This moment is more than a joke—it’s a crack in the armor of what Karen and Barbara Fields famously called racecraft. In their seminal work Racecraft: The Soul of Inequality in American Life, the Fields sisters argue that race is not a biological fact but a kind of social sorcery—a conjuring trick used to rationalize exploitation, divide the working class, and obscure the real mechanics of inequality.
Race is not something we see, they write. It’s something we do. And the more we do it, the more it seems natural, inevitable, immutable.
But what happens when we stop doing it?
TikTok, with its chaotic, remixable, memetic culture, has become both a battlefield and a laboratory for this unraveling. In one moment, it amplifies white supremacist ideologies, feeding incel culture, tradwives, and the aesthetic of Christian nationalism. In the next, it stitches together trans kids, Afro-Caribbean grandmothers, Irish folk musicians, and Black radical TikTokers in unexpected alliances that confuse the old categories.
Digital culture is both post-racial and hyper-racialized. The algorithm doesn’t see race—but it profits from racial difference, outrage, and spectacle. And yet, creators have found ways to hack the system, using humor, solidarity, and historical memory to build bridges where the system would prefer walls.

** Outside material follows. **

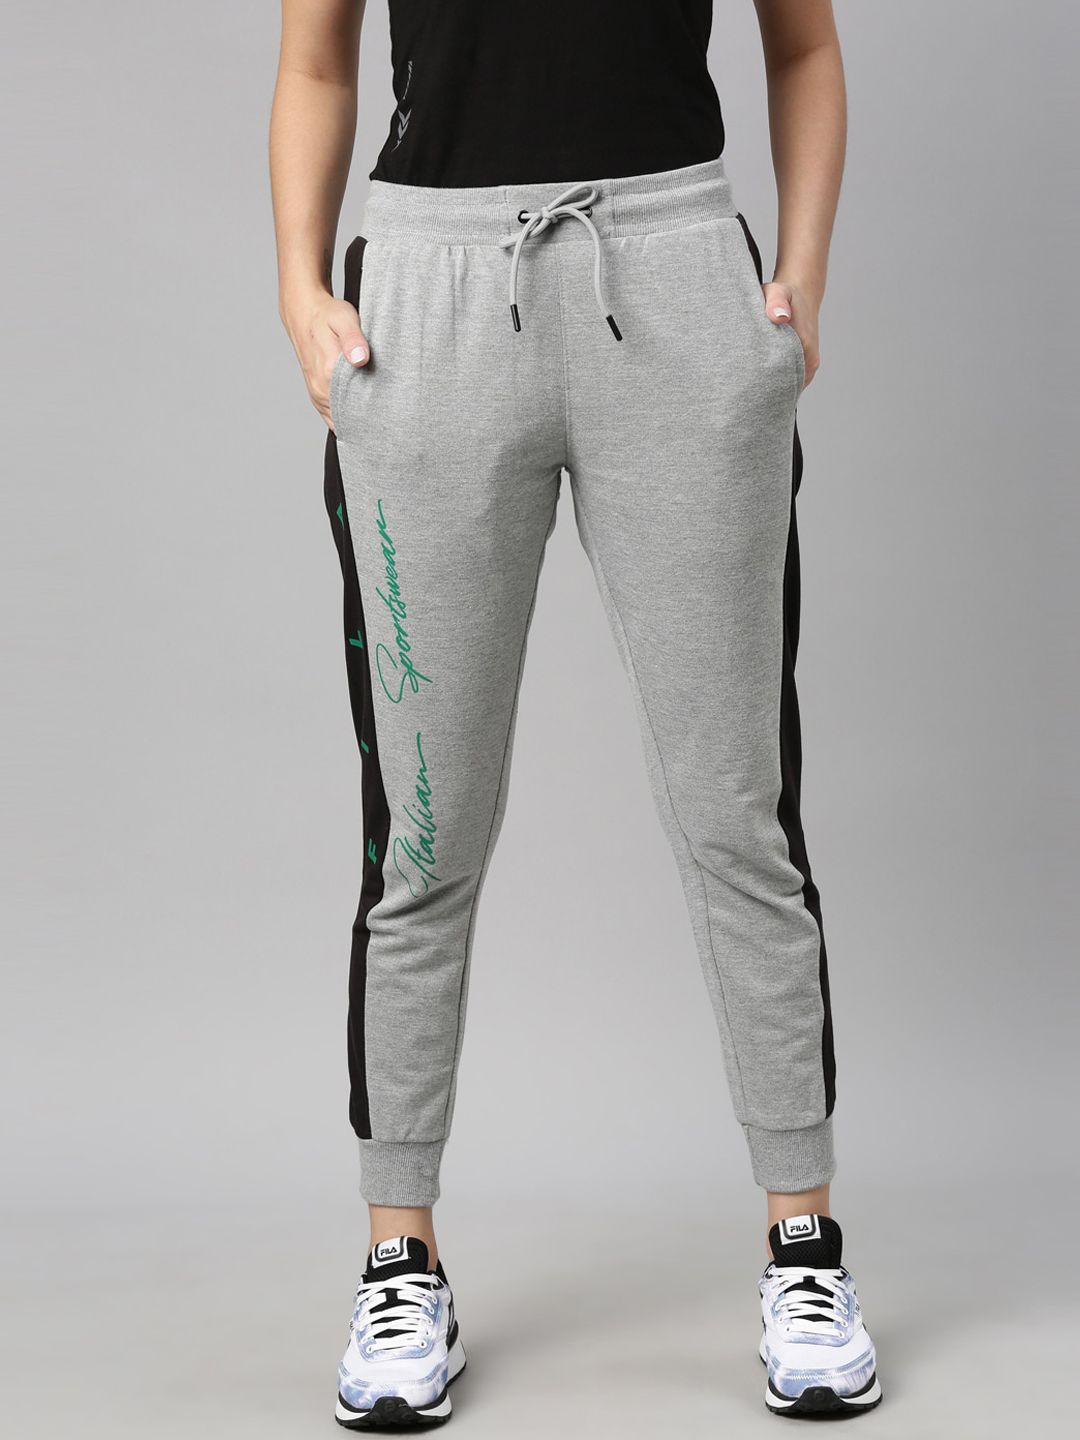 FILA Women Grey Solid Cotton Joggers Price in India
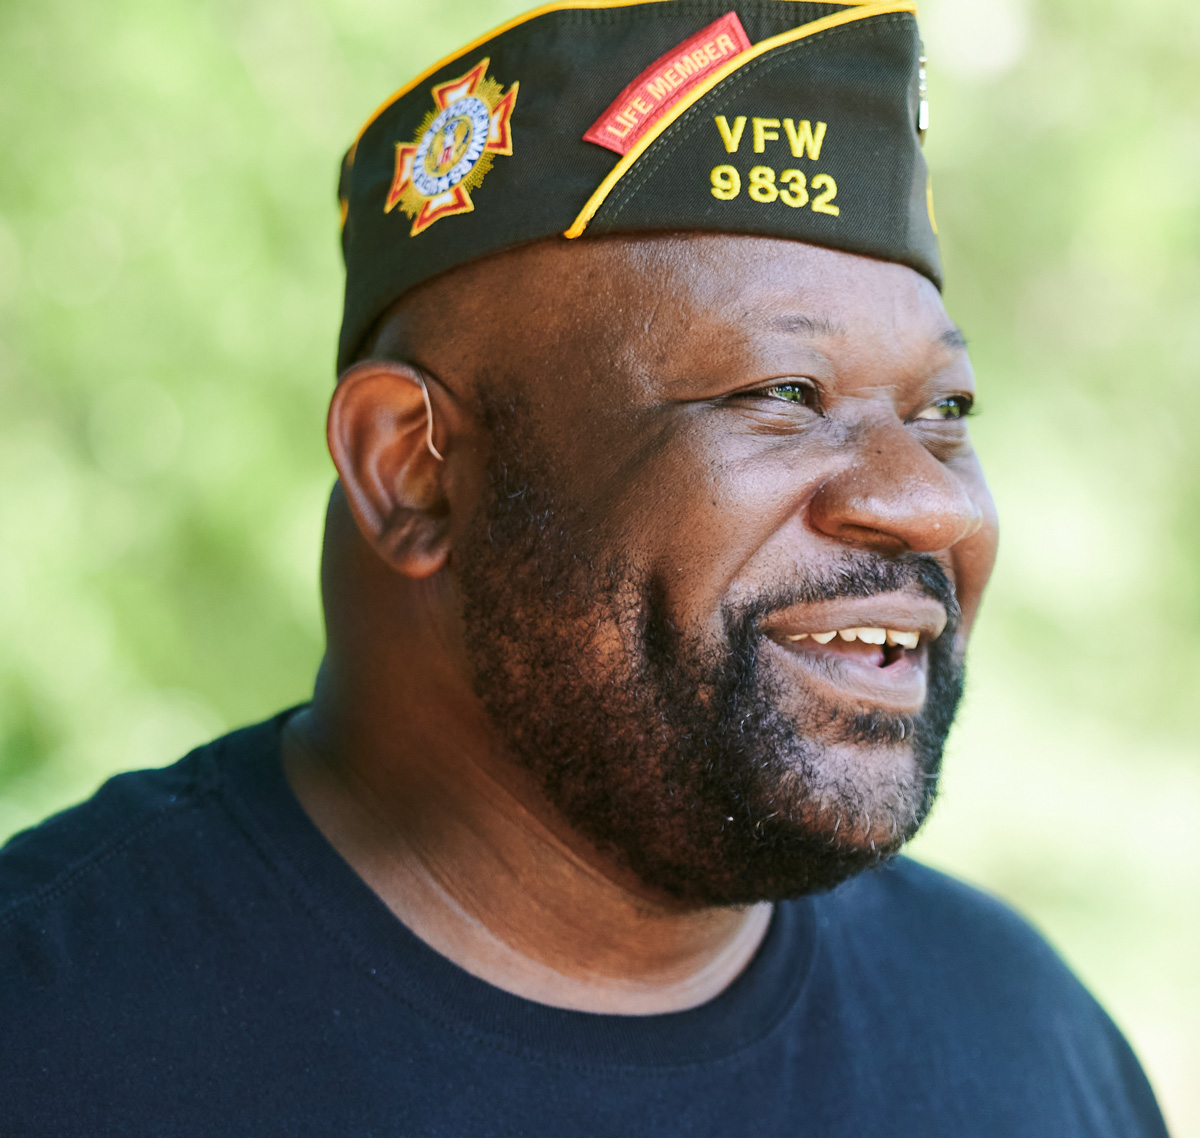 A man wearing a VFW 9832 vet hat smiles to the right

Black and Irish: A Long History of Shared Struggle
The embrace of gingers as Black is more than irony. It gestures to a history that white supremacy has worked hard to bury: the alliances between Black Americans and Irish immigrants in the 19th and early 20th centuries, the solidarity between abolitionists and Irish independence activists, the shared experience of being deemed subhuman, criminal, and inferior by Anglo-Protestant elites.
Of course, these alliances were often undermined—by the lure of whiteness, by the privileges extended to Irish immigrants who turned away from solidarity with Black Americans in exchange for upward mobility. But that doesn’t erase the legacy of resistance that lingers under the surface, ready to be rediscovered.
What TikTok has done is revive that memory in the form of memes, jokes, and dances. It’s made a history lesson go viral, bypassing the gatekeepers of academia and media to create a new vernacular of defiance.
And yet, even as the category of race begins to lose its coherence—eroded by globalization, digital culture, and the defiant joy of communities refusing to be boxed in—white supremacy is not collapsing. It’s consolidating.
The Trump regime, powered by Christian nationalism, racial grievance, and the fantasy of a white ethno-state, comes to power precisely at the moment when race as a social technology is breaking down. This is not a coincidence.
As the tools of racecraft become more fragile, the forces of reaction cling to them harder, more desperately, more violently. Their insular digital spaces become echo chambers of paranoia, resentment, and conspiracism. They are trying to reboot racecraft by force.
But as TikTok shows us, the magic trick is failing. And the more people laugh at the absurdity of race, the harder it becomes to maintain its spell.
The Future of Solidarity is Fluid, Playful, and Memetic
What we are seeing is not the end of racism—but perhaps the beginning of the end of race as a useful instrument of elite power.
Solidarity today looks less like marches under banners, and more like viral trends, remix cultures, and playful subversions of authority. It’s messy, irreverent, and full of contradictions. And yet it points to a deeper truth that the Fields sisters knew all along: if race is something we do, we can also undo it.
Maybe, just maybe, people on TikTok are doing exactly that.